Keywords: Fulminant hepatitis, hepatitis E, infant

How to cite this article:
Tolani D, Shah I. Fulminant hepatitis E in an infant. J Family Med Prim Care 2017;6:649-50

How to cite this URL:
Tolani D, Shah I. Fulminant hepatitis E in an infant. J Family Med Prim Care [serial online] 2017 [cited 2021 Sep 28];6:649-50. Available from: https://www.jfmpc.com/text.asp?2017/6/3/649/222008

  Introduction Top

Hepatitis E is the most common cause of acute viral hepatitis in India but mostly manifests as a self-limiting disease. Outbreaks are associated with rainy seasons, floods, overcrowding, inadequate sanitation, and poor personal hygiene. It affects predominantly patients between 15 and 40 years of age. In younger age group, infection is usually subclinical. Fulminant hepatic failure is seen in 4% of patients and is higher (20%) in pregnant women.[1] Fulminant hepatic failure due to hepatitis E virus (HEV) usually occurs in young adults and pregnant woman in endemic areas, rarely in children.[2] The main cause for fulminant hepatitis in children is found to be hepatitis A infection.[2] The incidence of fulminant hepatic failure in children is higher in coinfection of both hepatitis A virus and HEVs rather than in single infection.

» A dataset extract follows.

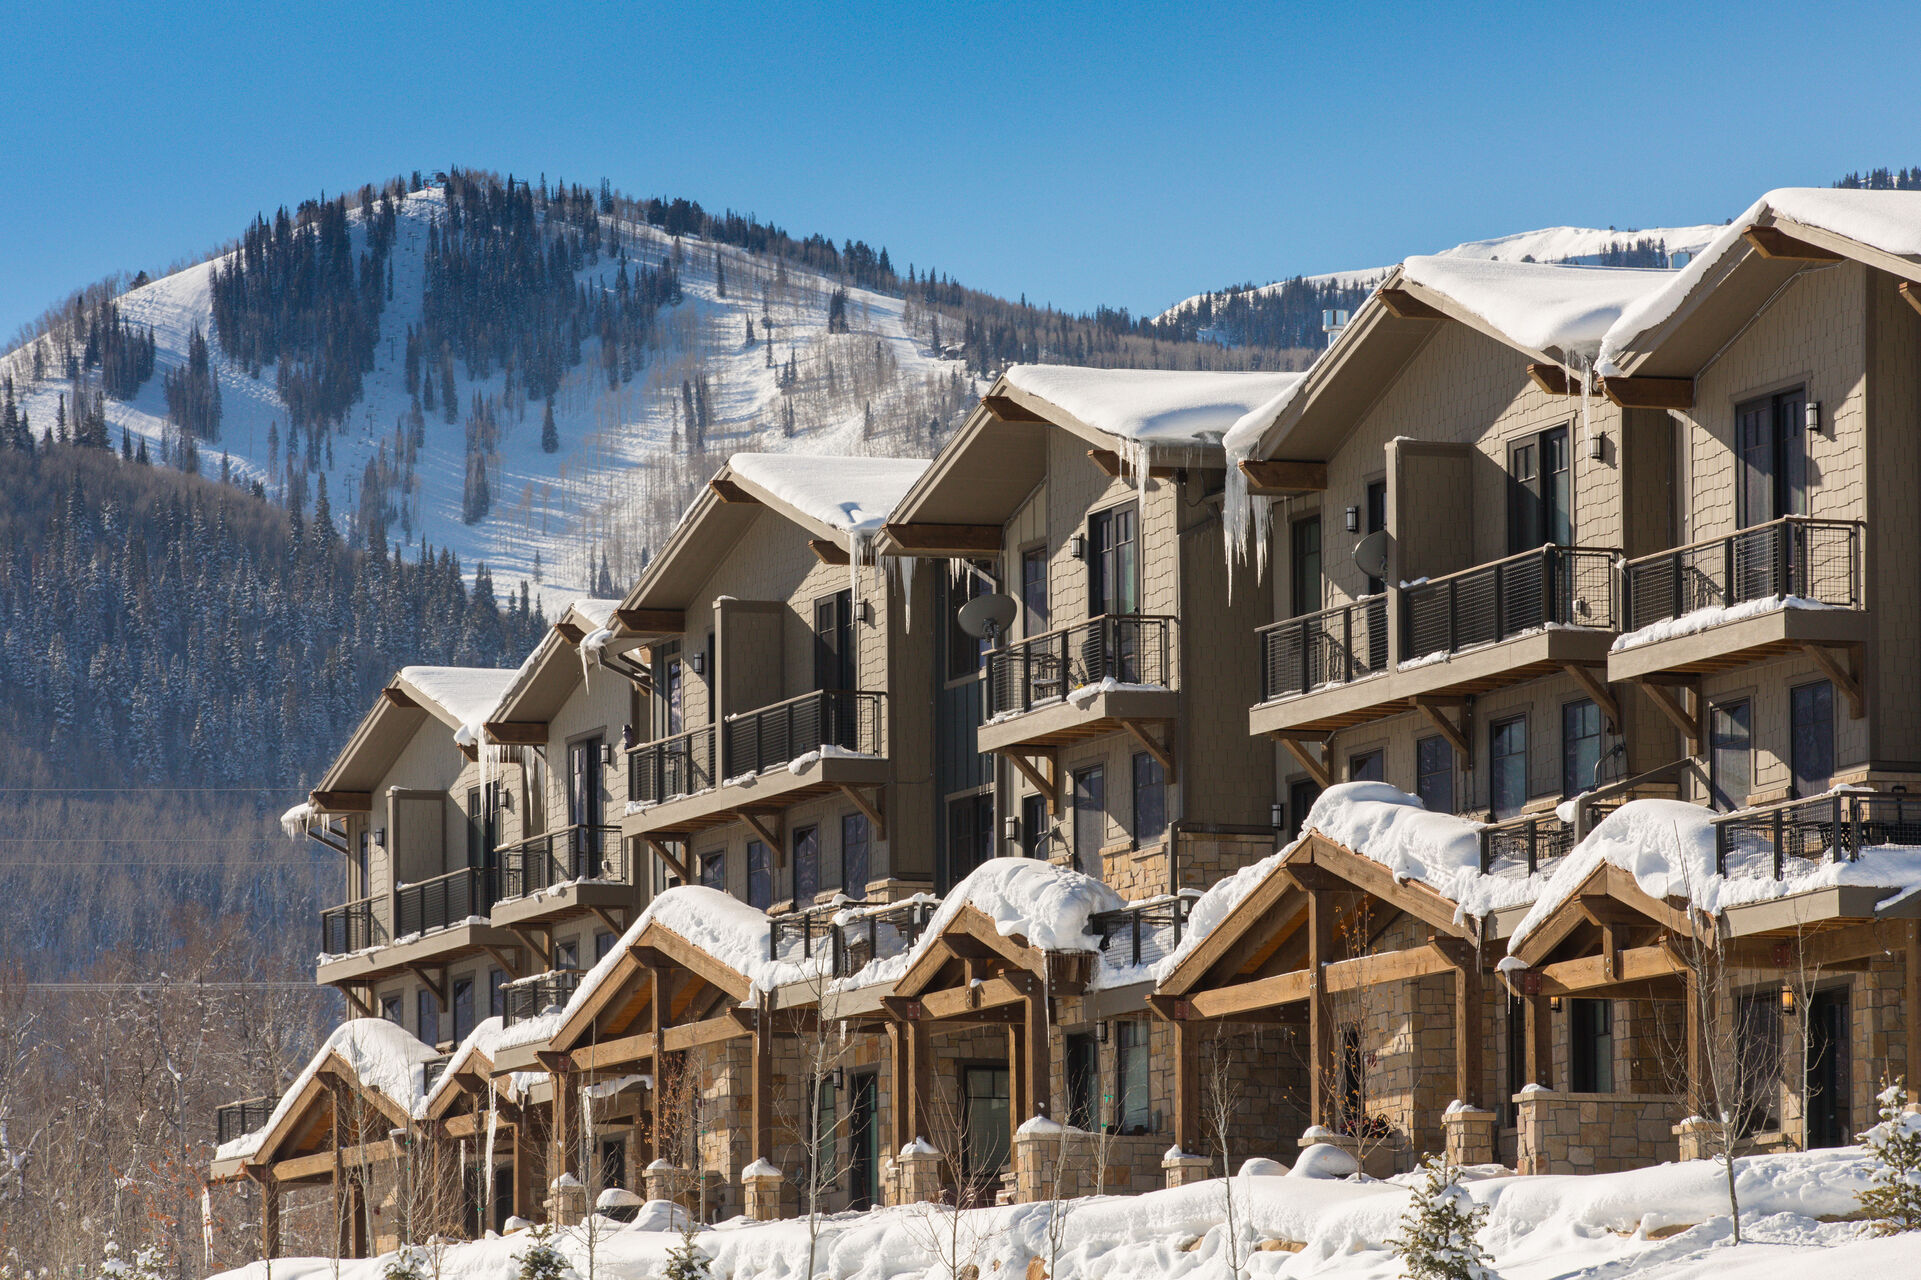 Located Across from the Canyons Cabriolet that will Take You to the Canyons Village Base and Ski Access

According to a study conducted in India, in children between 2 months and 13 years of age, 45% of patients with acute liver failure tested positive for anti-HEV IgM antibody, of which 27.5% were dual infections of hepatitis A and E.[3] We present hepatitis E infection in a child of 1 year of age who had acute hepatitis with acute liver cell failure and hepatic encephalopathy but recovered.

  Case Report Top

A 1-year-old boy presented with fever for 3 days, drowsiness for 4 days and one episode of convulsion. He also had hematemesis, ascites, and jaundice. There was no history of blood transfusion and had achieved milestones appropriate for age. He was on breast feeds and weaning diet. On examination, weight was 7.5 kg, length was 72 cm, heart rate was 142/min, and respiratory rate was 26/min. He had jaundice, anasarca. Glasgow Coma Scale was 8, and he had hypertonia with normal reflexes. He had a tender hepatomegaly and ascites. Other systems were normal. Investigations showed bilirubin of 4.1 mg/dl (direct bilirubin = 2.1 mg/dl), serum glutamic oxaloacetic transaminase of 1110 mg/dl, serum glutamic pyruvic transaminase of 2030 mg/dl, total proteins was 5.4 g/dl, and albumin of 2.6 g/dl. He had deranged prothrombin time (PT) (37.8 s) and partial thromboplastin time (39.1 s). Serum ammonia was 215 μg/dl (normal - 70–135 μg/dl). His hemogram was normal. Ultrasound abdomen showed hepatomegaly with increased hepatic echotexture and ascitis with the left pleural effusion. His hepatitis A IgM was negative, and hepatitis E IgM was positive. He was treated with lactulose, omithine-aspartate, multivitamins, Vitamin K, dextrose, and fresh frozen plasma. He responded in next 1 week.

  Discussion Top

Symptoms of hepatitis E are similar to hepatitides and include abdominal pain (35%–80% of patients), hepatomegaly (10%–85%), malaise (95%–100%), jaundice, anorexia, and vomiting.[1] Other symptoms recorded in cases of acute liver failure in association with hepatitis infection are ascites, coagulopathy (deranged PT time), and sometimes splenomegaly.[4] This is consistent with our patient's symptoms.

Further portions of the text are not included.